For the data below, transcribe the part that opens with the line containing "ריקוד הדגלים בירושלים, מוקדם" and closes with the line containing "引き潮倫理的憎しみMatrix Biolage Full", exactly and with no pictures.
Material to process START
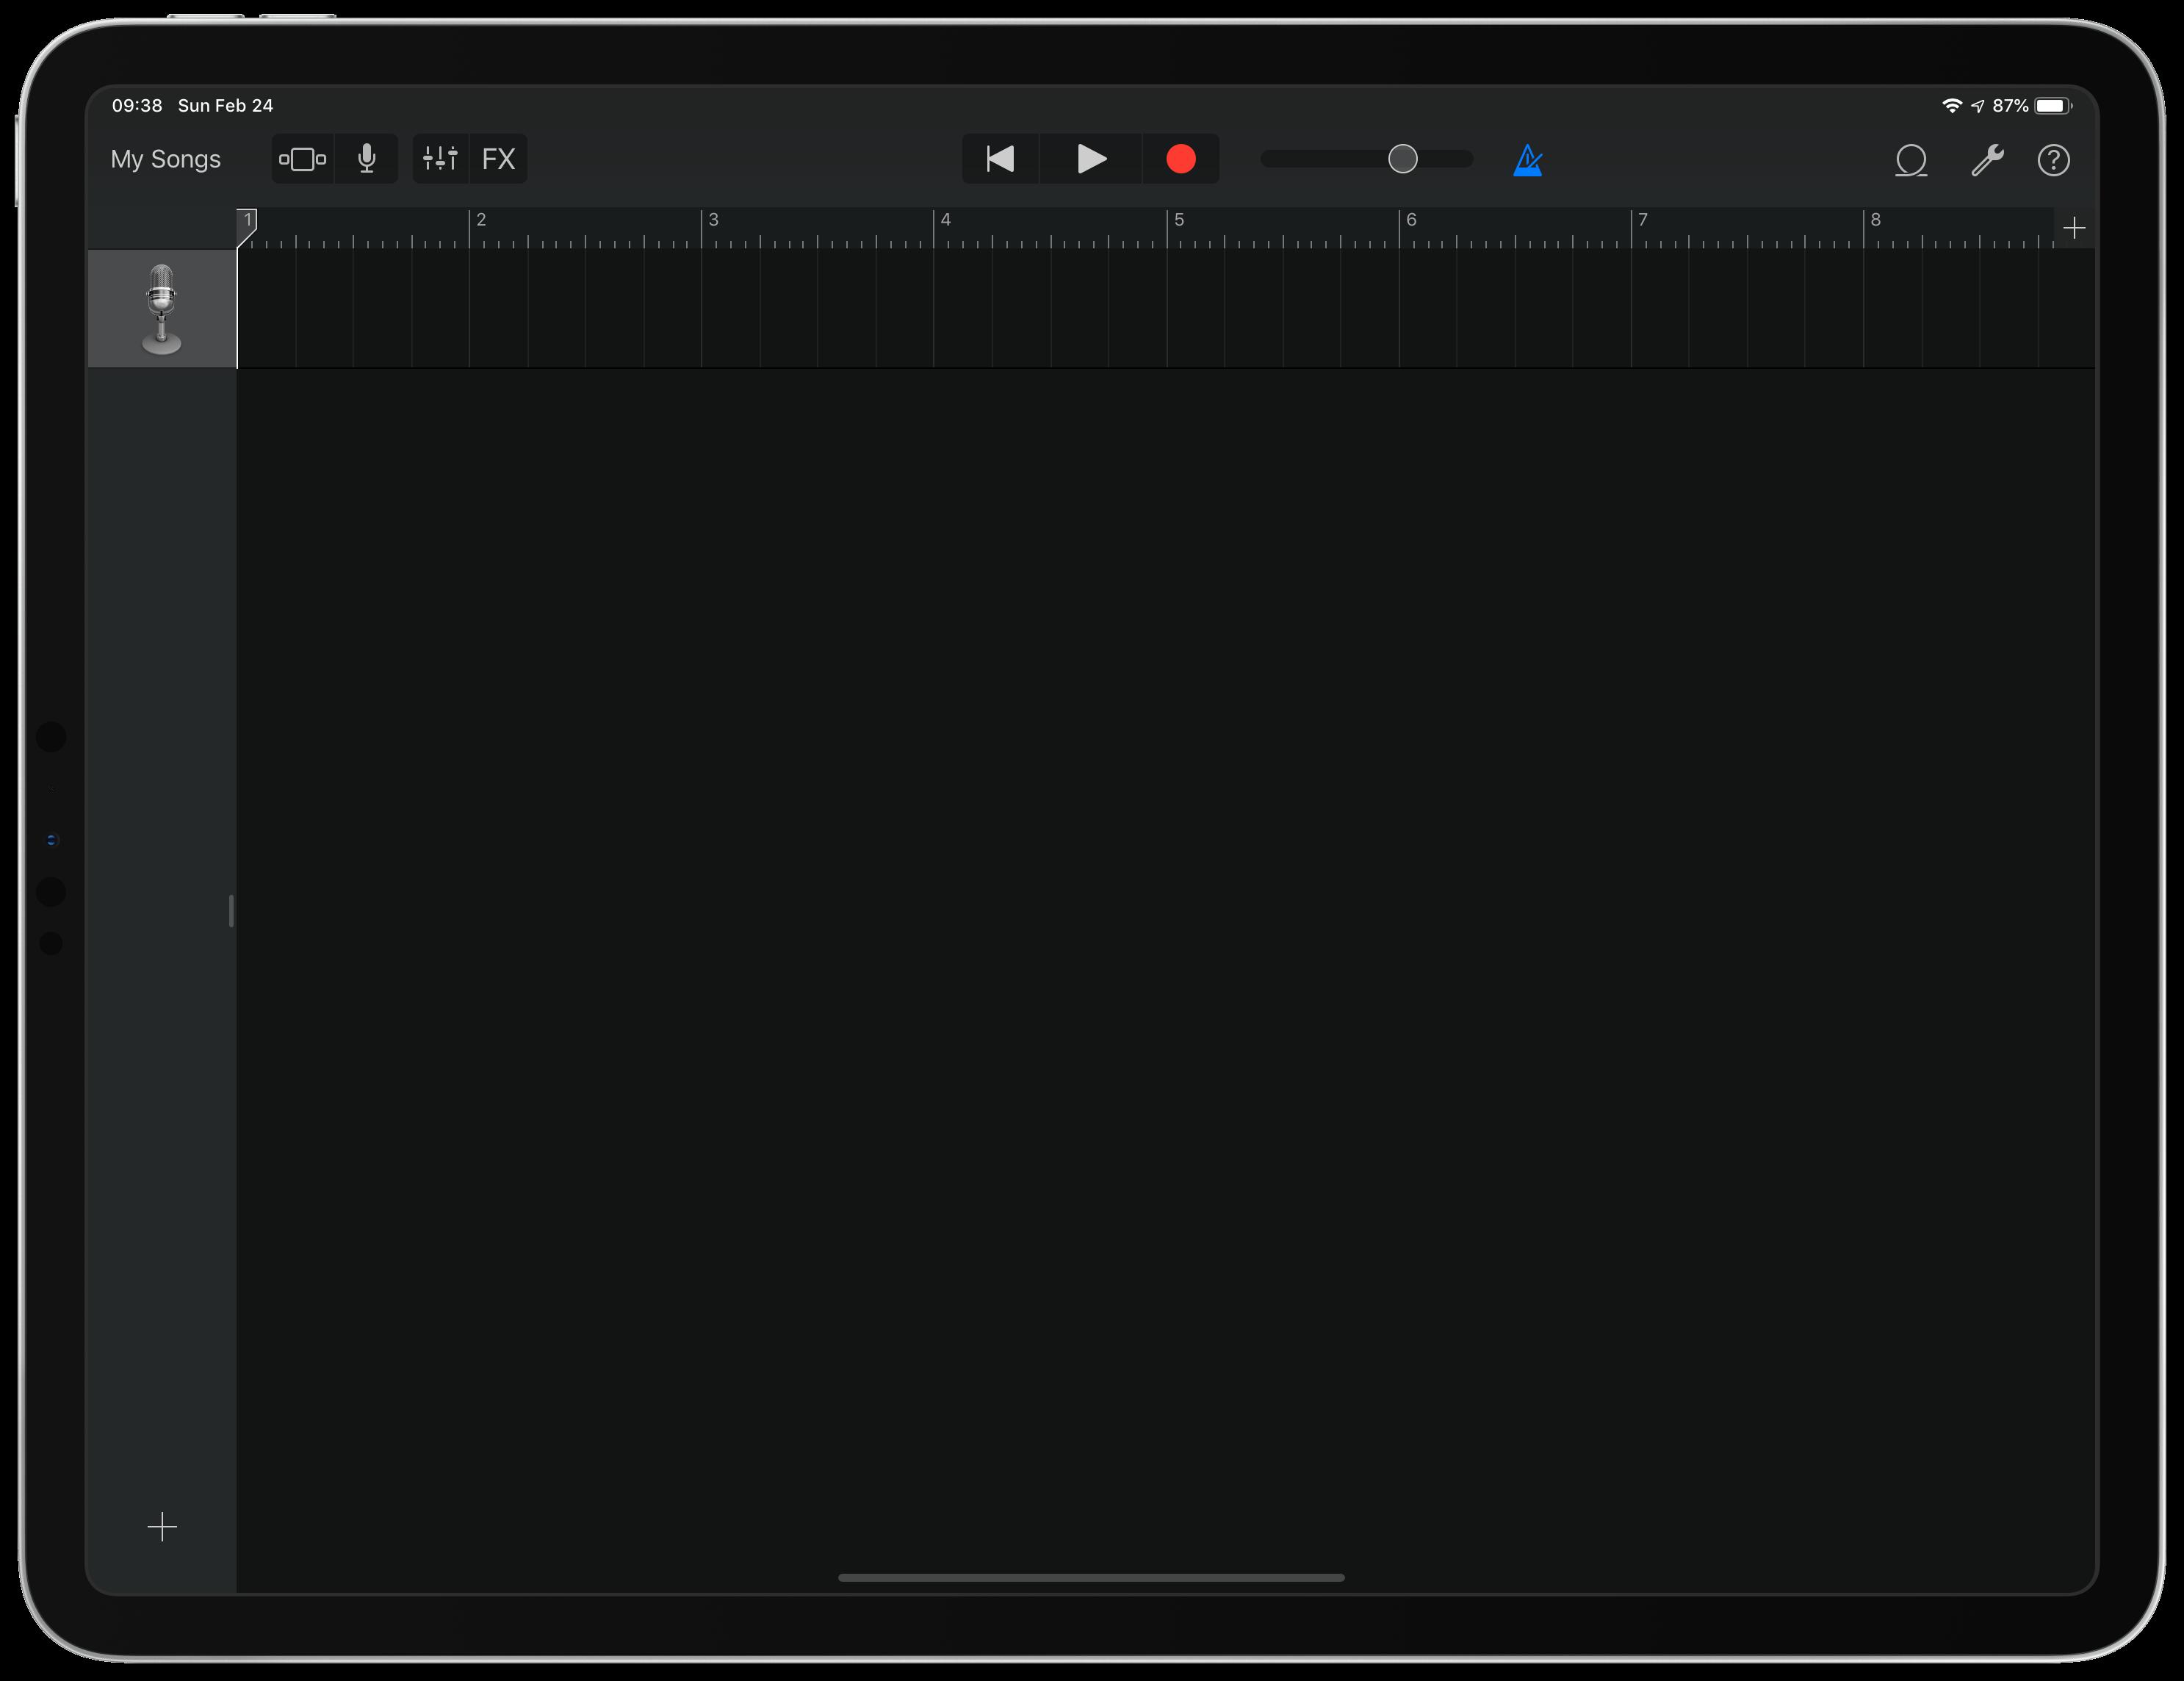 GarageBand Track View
Material to process END
Material to process START
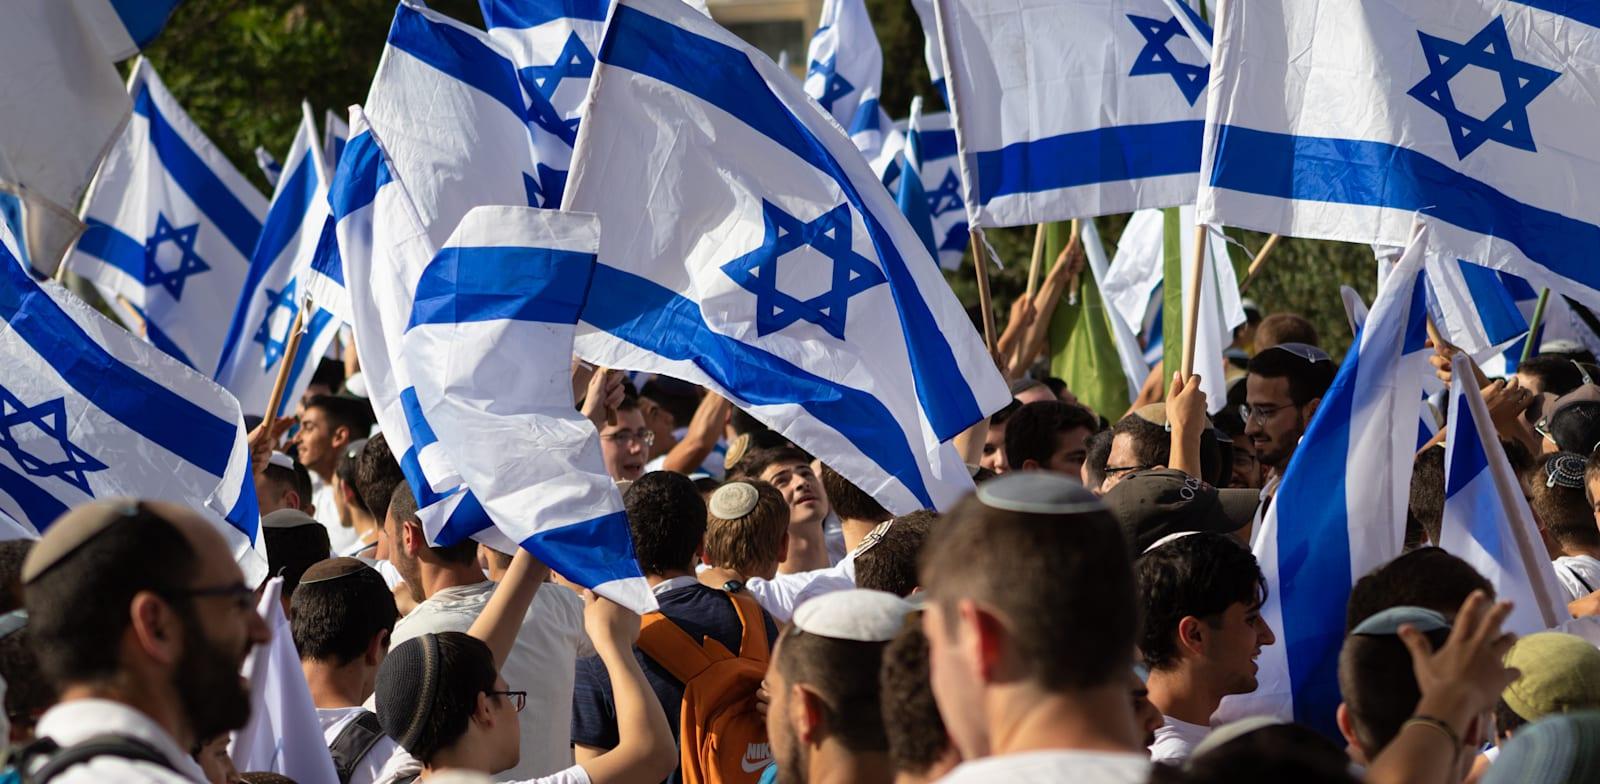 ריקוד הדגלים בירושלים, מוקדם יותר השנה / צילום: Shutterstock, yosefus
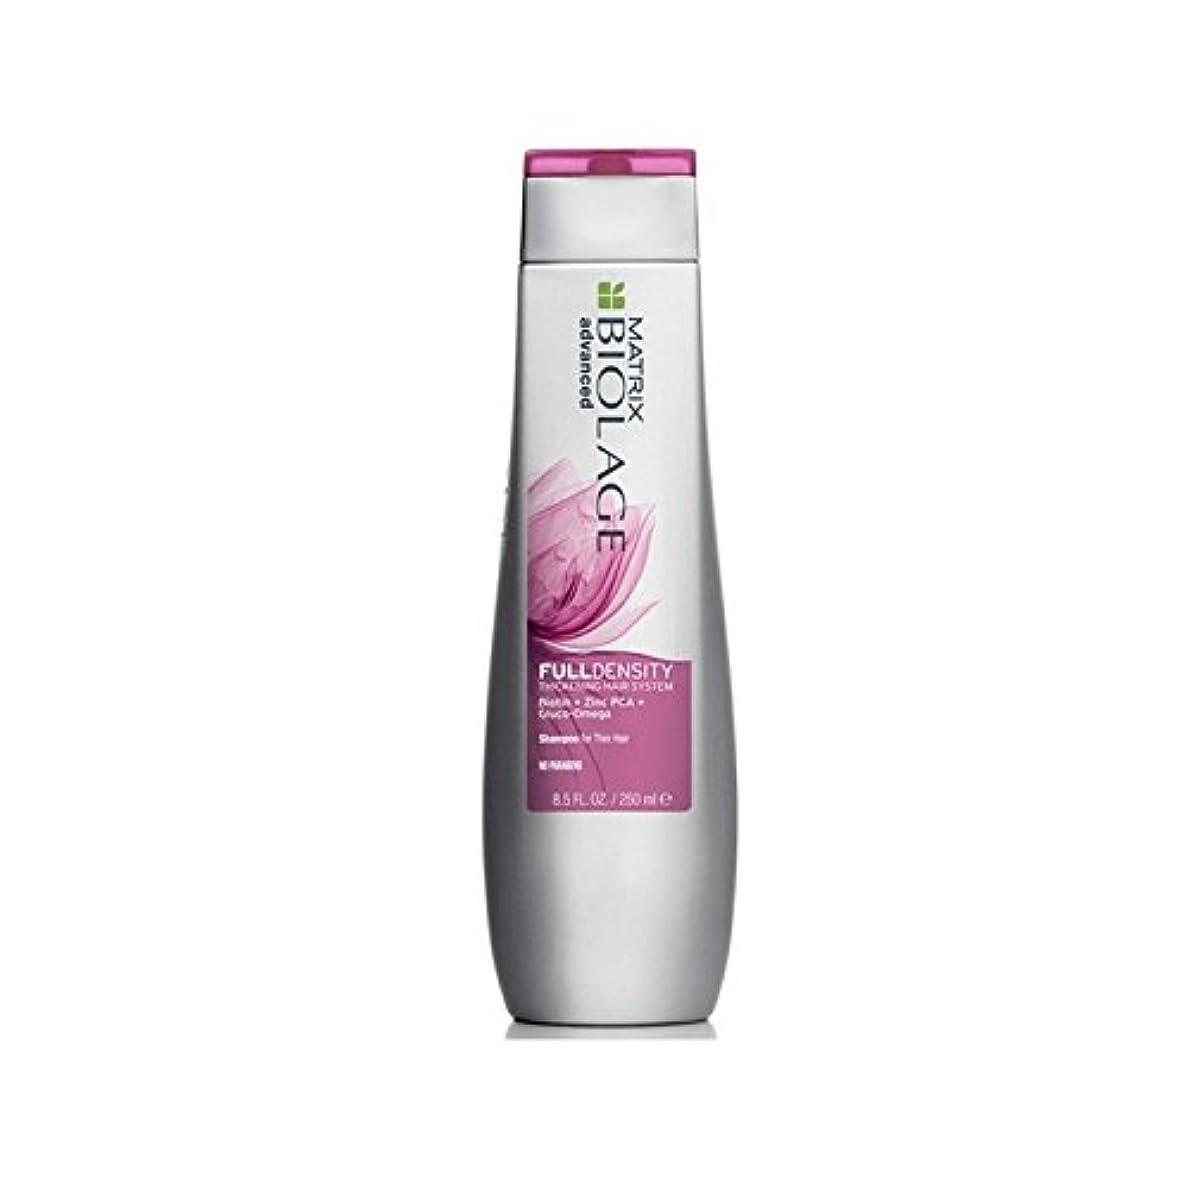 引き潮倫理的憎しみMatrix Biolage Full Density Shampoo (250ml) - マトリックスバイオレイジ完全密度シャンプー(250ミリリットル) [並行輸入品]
Material to process END
Output below
 ריקוד הדגלים בירושלים, מוקדם יותר השנה / צילום: Shutterstock, yosefus
 引き潮倫理的憎しみMatrix Biolage Full Density Shampoo (250ml) - マトリックスバイオレイジ完全密度シャンプー(250ミリリットル) [並行輸入品]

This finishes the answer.